NSCP has a built-in "test and debug" mode that you can activate with the following command nscp test
What this does is two things.
- it starts the daemon as "usual" with the same configuration and such.
- it enables debug logging and logs to the console. This makes it quite easy to see what is going on and why things go wrong.
In general never use the ZIP installation unless you have a strong reason for doing so. The MSI is the preferred way to install NSClient++ and will work much better then trying to manually install it.
- The first thing to check is the version. If you are using an old version (pre 0.4.2) upgrade! In 0.4.2 PDH was greatly improved and all core checks stopped using PDH which means that for "normal" checks you no longer need PDH.
- Second thing to check is whether the servers' performance counters working?
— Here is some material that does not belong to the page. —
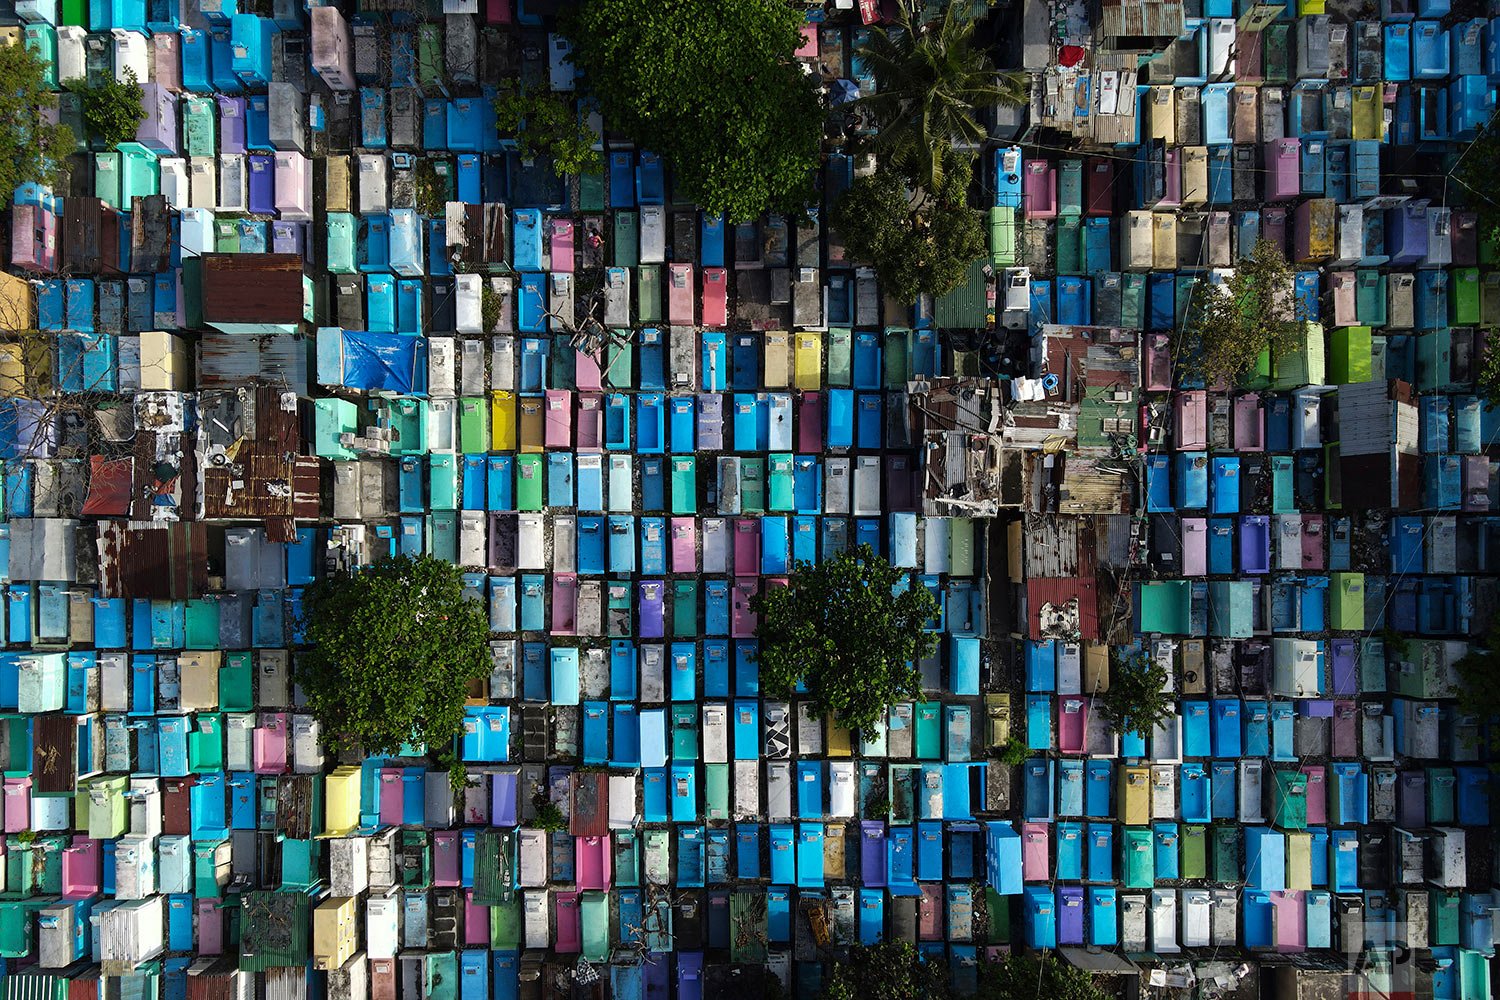  Rows of tombs remain without the usual visitors on All Saint's Day at Manila's North Cemetery, Philippines on Monday, Nov. 1, 2021. (AP Photo/Aaron Favila)

Sometimes the performance counters end up broken and need to be rebuilt there is a command to validate performance counters:
nscp sys --validate
For details: Microsoft KB: http://support.microsoft.com/kb/300956 essentially you need to use the lodctr /R
command.
Usually this is due to running more then once instance of NSClient++ or possibly running another program that uses the same port.
- Make sure you don't have any other instance NSClient++ started.
- Check if the port is in use (
netstat -a
look for LISTENING)
!!! note This has been changed in 0.4.3 and is no longer required
This is because you have one or more entries in your event-log which are larger then the "default buffer size of 64k". The best way to fix this is to increase the buffer used.
[/settings/eventlog]
buffer_size=128000
!!! note System tray was removed in 0.4.0.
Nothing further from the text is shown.